Lala Lewis, holding her usual glass of Georgian wine, sat up in bed and focused on the doorway.
“Is it her? Is it Sashenka?” she asked.
“No, Lala, but it is almost Sashenka. This is Roza Getman, Sashenka’s daughter, whom you knew as Snowy.”
“Ohh,” Lala sighed and held out her hands. “Come closer. I’m very old. Come sit on my bed. Let me look at you. Let me see into your eyes.”
“Hello, Lala,” said Roza, her voice trembling, “it’s been more than fifty years since you cared for us.”
Katinka watched as Roza, dressed neatly in a white blouse, blue cardigan and cream skirt, her grey hair still coiffed in the style of her youth, walked forward slowly, looking around her at the trinkets of a vanished life. She seemed to hesitate for a moment at the sight of the old nanny’s outstretched hands and then, smiling, as if Lala were somehow familiar to her, she sat on the bed.
Lala took Roza’s hands, not only squeezing them with all her might but shaking them too. Neither woman said a word, but from where she was standing Katinka could see Roza’s shoulders shaking, and the tears streaming down Lala’s cheeks. Feeling like an intruder suddenly, she walked to the window and looked out. The sounds and smells of Tbilisi—the singing of someone in the street and the aromas of tkemali, lavashi bread, ground coffee and apple blossom—rose around her.
This is the last scene of the drama, Katinka told herself. She’d done what Pasha asked. She’d brought these two women together, exposing herself in the process to more pain than she’d thought possible. Now she would go home, back to Papa and Mama—and to Andrei.
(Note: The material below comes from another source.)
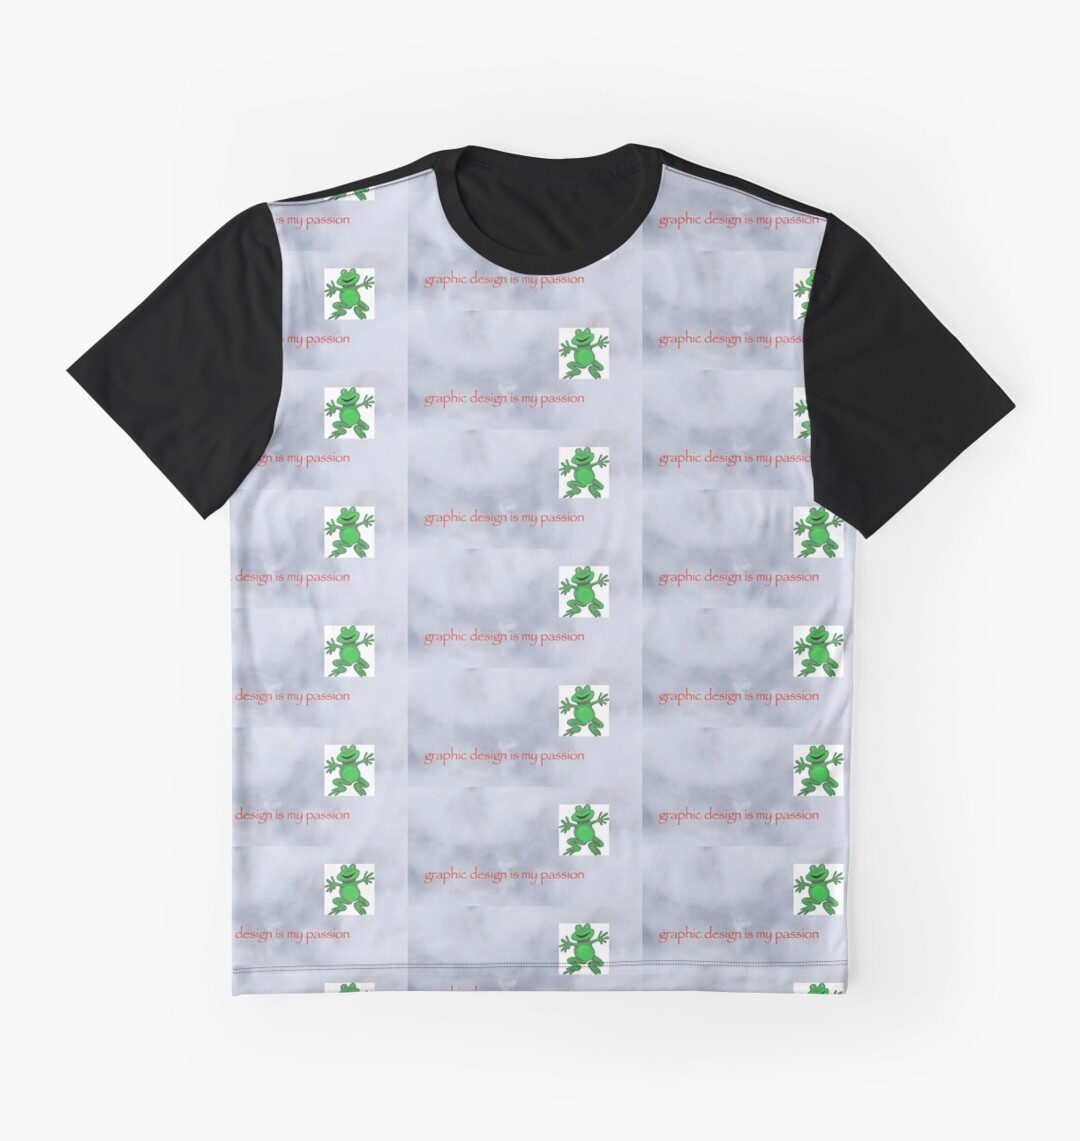 Design shirt redbubble - Graphic Design

Lala stroked Roza’s face. “Dear child, I dreamed of seeing your mother again. I must tell you all about her because there was no one like her. Look, there’s her picture as a schoolgirl at the Smolny. See? I used to collect her in the baron’s landaulet, or motorcar I should say nowadays. Samuil, the baron, was your grandfather and you never met him though he knew all about you. And not a day passed when I didn’t think of you and your brother Carlo. As a girl you were so like your mother—she was blond as an angel when she was young—and you have the violet eyes of your grandmother, Ariadna. Oh darling child, think of me, a girl from England. I’ve lived long enough to see the Tsar fall and the barbarians come to power and fall too and now to see you here—I can’t quite believe it.”
“I’m hardly a child,” Roza laughed, “I’m sixty.”
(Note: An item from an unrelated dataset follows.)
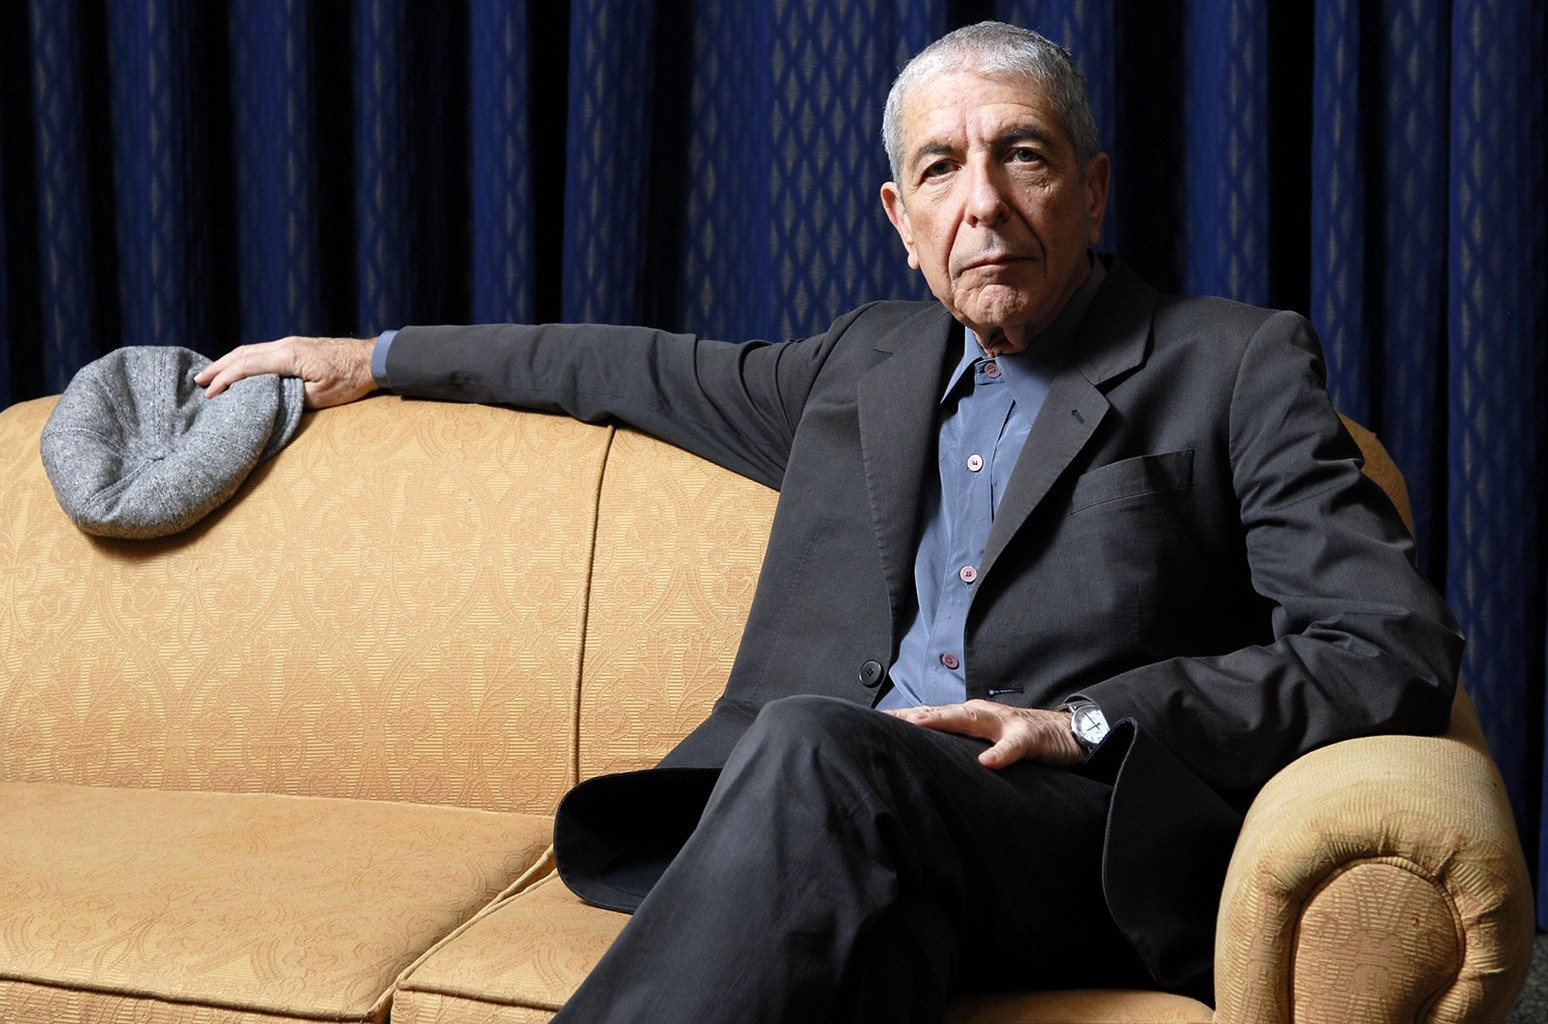 Leonard Cohen photographed in Toronto

“Methuselah’s young to me!” Lala answered. “Do you remember the days we spent together before…”
Roza nodded. “I think so…Yes, I remember seeing you in a canteen in a station. You had Carlo’s favorite cookies. I remember walking hand in hand with you and then…”
“I struggled in those times to keep my head above water,” Lala continued. “I had lost my darling charge, Sashenka, and your grandfather. And then I was granted a few days of such happiness with you and Carlo. When I had settled you with your new parents, I considered killing myself. Only the thought that someone dear to me would return kept me alive. And do you know, the most unlikely person of all did come back.”
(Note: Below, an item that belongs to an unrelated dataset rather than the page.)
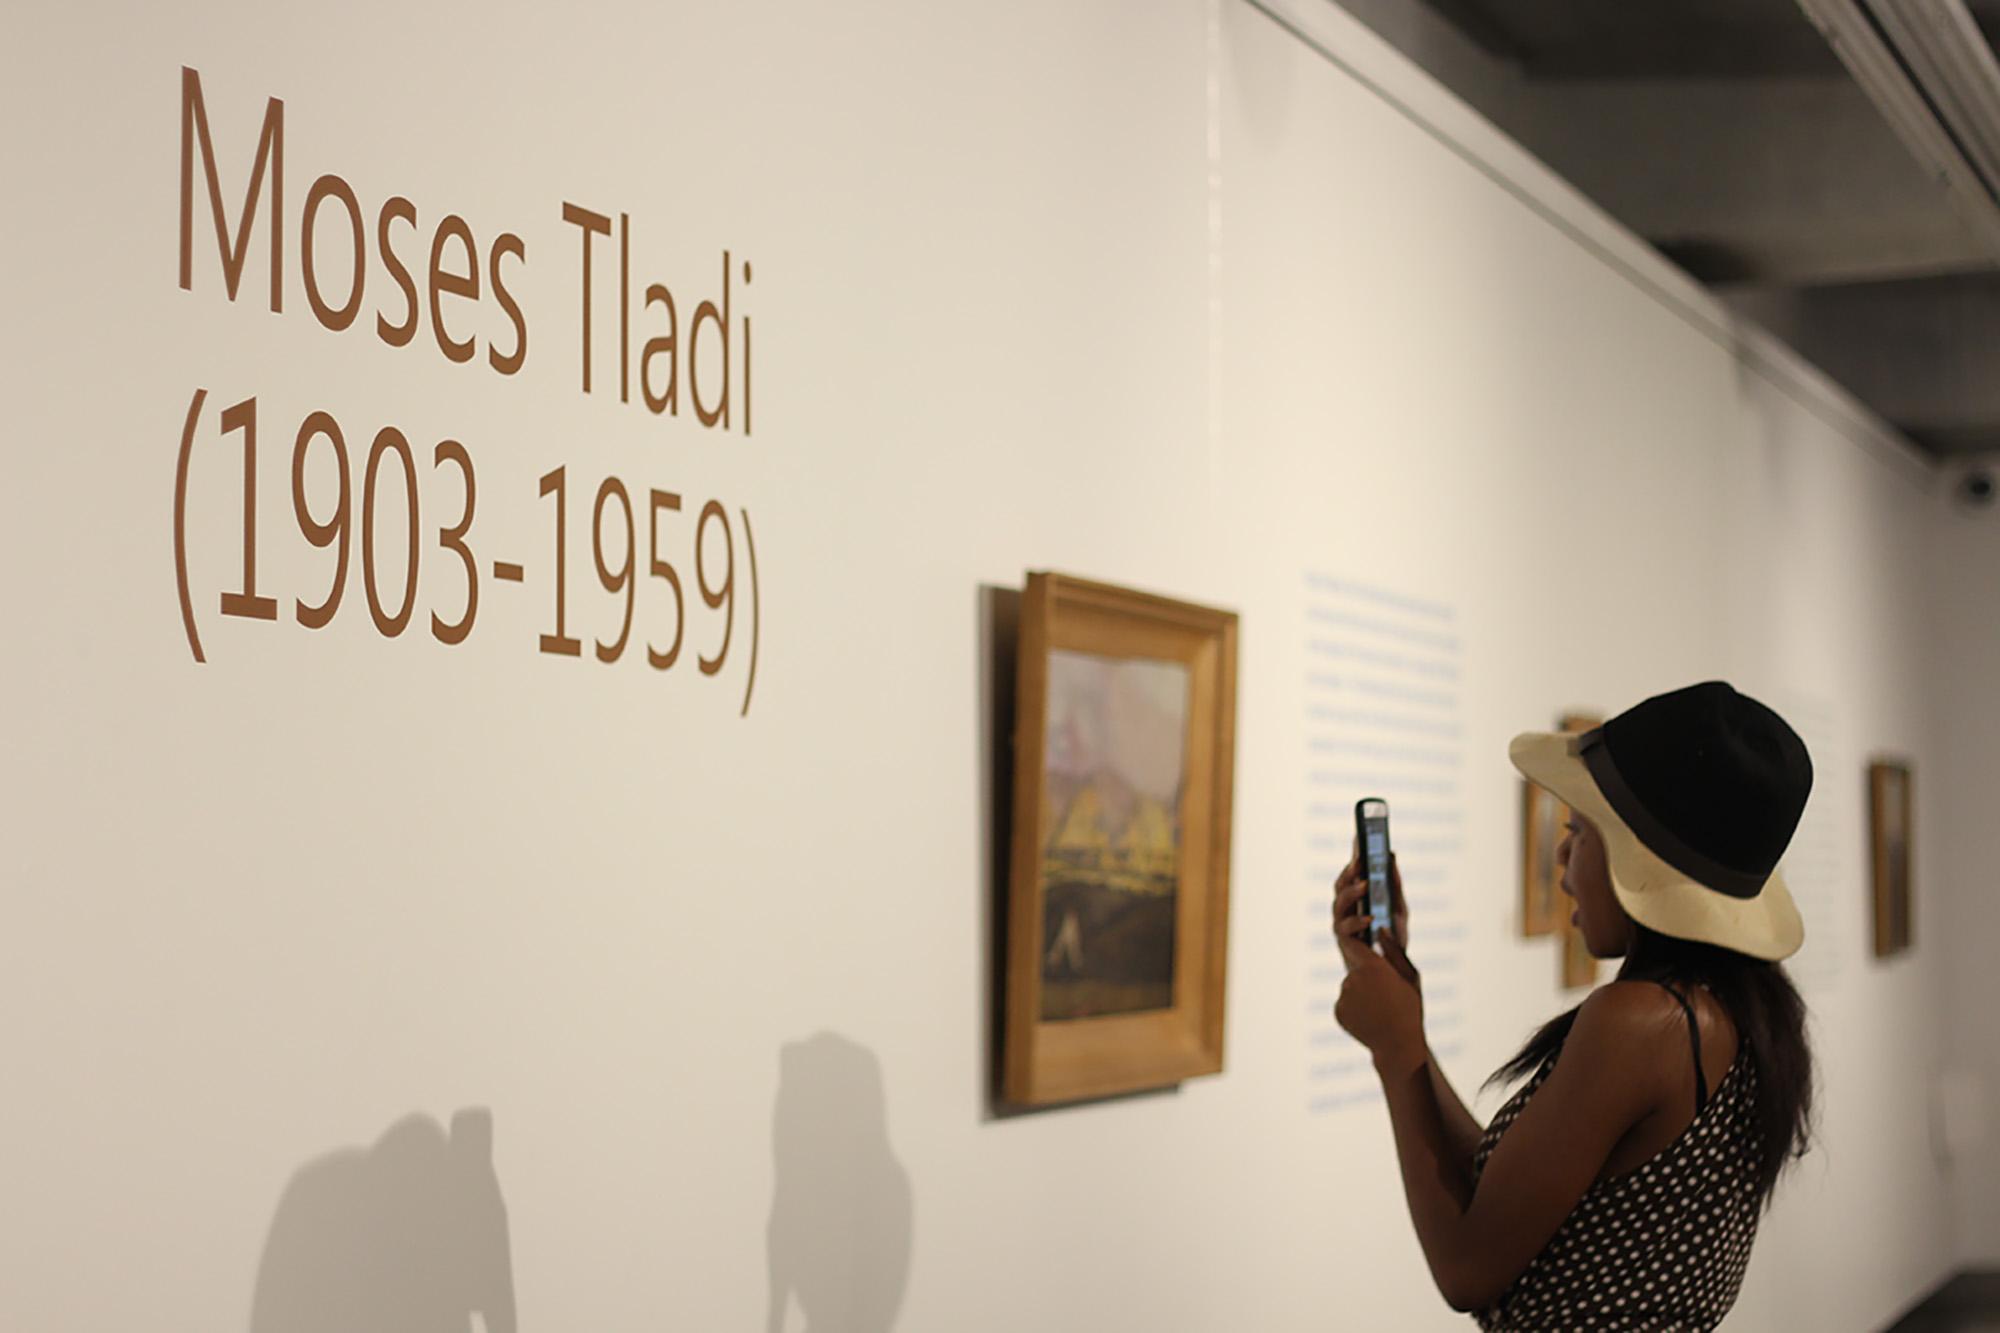 A special exhibition: Moses Tladi (1903-1959)

“Lala,” interrupted Katinka, trying not to interfere yet still burning with curiosity, “only Stalin could have saved Samuil’s life. Did you ever learn why?”
Lala nodded. “After the monster died, everyone here sobbed and mourned. There were even demonstrations in his honor. But I was delighted. Samuil was very ill then so I said, ‘Now you can tell me why you were released.’ He said he didn’t know exactly but in 1907 he had given shelter—and a hundred rubles—to a pockmarked Georgian revolutionary. He let him stay in the doorman’s cottage of his house here in Tbilisi when the police were searching for him. Later he realized it was Stalin, and Stalin never forgot a slight or a favor.” Lala looked back at Roza, whose hands she still held. Sometimes she raised Roza’s hands to her lips and kissed them. “I’ll die happy now,” she said.